Where rugby league might be successful is in convincing those people to go to their events above someone else’s.
A recent report from Two Circles, a sports data analysis firm, suggested that the overall growth of football in the UK had been massive since the pandemic, but almost none of it had happened in the Premier League.
Likely that’s because there was nowhere to go – occupancy is at 97% of capacity – but that demand found a home elsewhere, with Women’s Football and non-league growing massively.
For rugby league, this is interesting: it means people who probably didn’t go to football at all are now attending, but with a different product.
If you were running the NRLW you might look at the more diverse audience that comes through your gate as new customers. If you’re the Newtown Jets, you already know this. If you’re working a food truck at Craven Streat in Hull, you do too.
These are people who are rugby league fans, but unlikely to stand on the hill at Brookvale or the terrace in Warrington. They’re coming for the entertainment experience as much as the pie and the pint.
Super League also reported record viewing figures, with a 52% rise across all platforms. The NRL hasn’t yet done its numbers, but as per the excellent Footy Industry on social media, they’re about 9.5% up on an already-elevated 2024 across free-to-air channels.
In the UK, the simple standard of coverage is better and the availability of games is higher, with all six now televised at some level and given proper production values.
That investment – again championed by IMG – is paying off. They now have a vaguely watchable TV product and can swamp social media, ensuring all the great stuff that fans knew was happening is eminently more shareable, increasing the footprint of the game as a whole.
The NRL doesn’t need that, but it is benefitting from a surfeit of cut-through stories that sell well with the casual audience.
It’s anecdotal and unknowable, but the sugar hit of Vegas, followed by contract dramas around three highly marketable, well-known stars – Dylan Brown, Daly Cherry-Evans and Lachlan Galvin – have played into the rugby-league-as-soap-opera narrative that keeps the semi-committed punter engaged.

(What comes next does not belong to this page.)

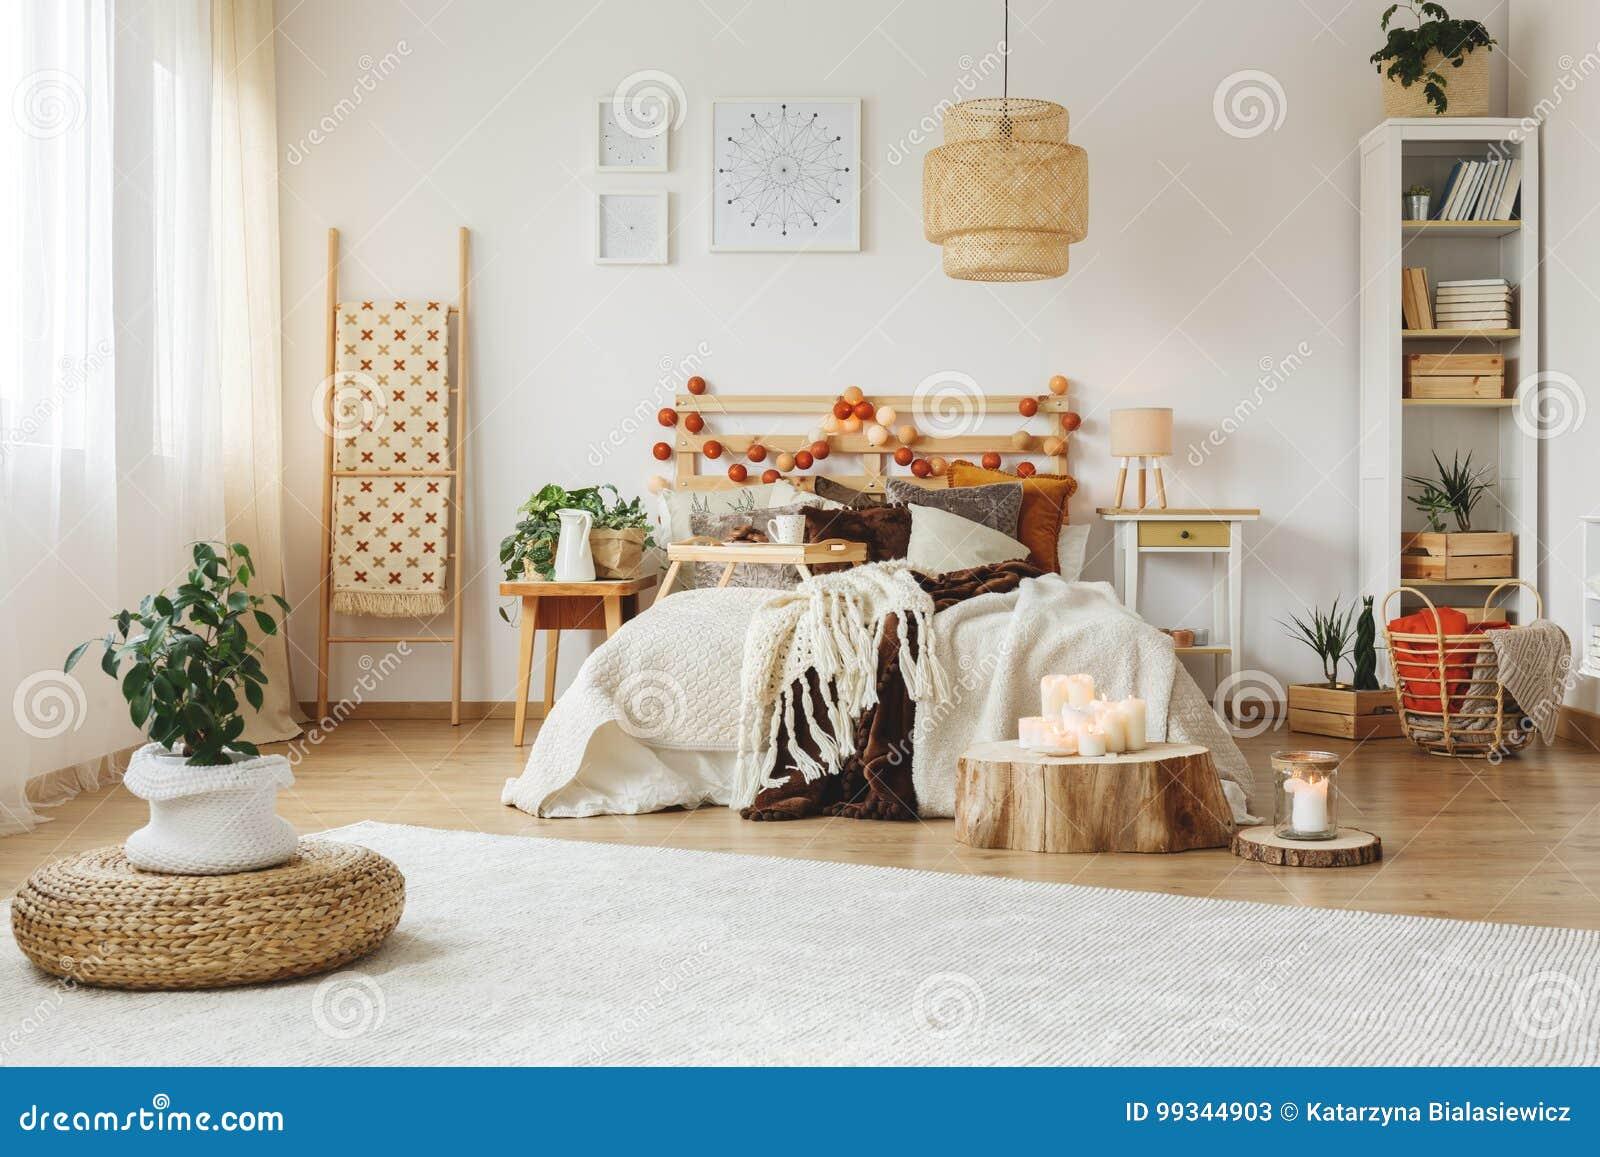 Schlafzimmer Mit Großem Weißem Teppich Stockbild Bild Von Flach

As a counterpoint, the AFL had its season launch overshadowed by Vegas and a literal cyclone in Queensland, then has bumbled along through a totally normal state of affairs rather than the controversy-athon that is the weekly NRL.
The news cycle runs on match content from Thursday to Sunday, then gossip from Monday to Wednesday, and has been overflowing with storylines throughout.
It all serves to increase the prevalence of the NRL in daily life in a virtuous way, even if it is fairly overblown and tedious at times.
Where do we go from here?
The record-breaking round over Easter was the culmination of a strong start to the year.
There are always bad news stories – Salford’s financial issues and Super League’s boardroom intrigue on one side of the world, the NRL’s refereeing and expansion issues on the other – but the general good vibes are undeniable.
Things will dip as Origin decimates schedules in Australia and loop fixtures dull interest in the UK, making it vital that positivity is maintained.
Rugby league, as every scholar knows, never misses an opportunity to miss an opportunity.
At a time when the NRL is negotiating a TV deal and potentially buying into Super League, the game has to look into the successes of the recent past and learn from them, while also striving to improve in new areas.
If they can, there’s no reason why Easter 2026 can’t top this year – and on to 2027 and beyond.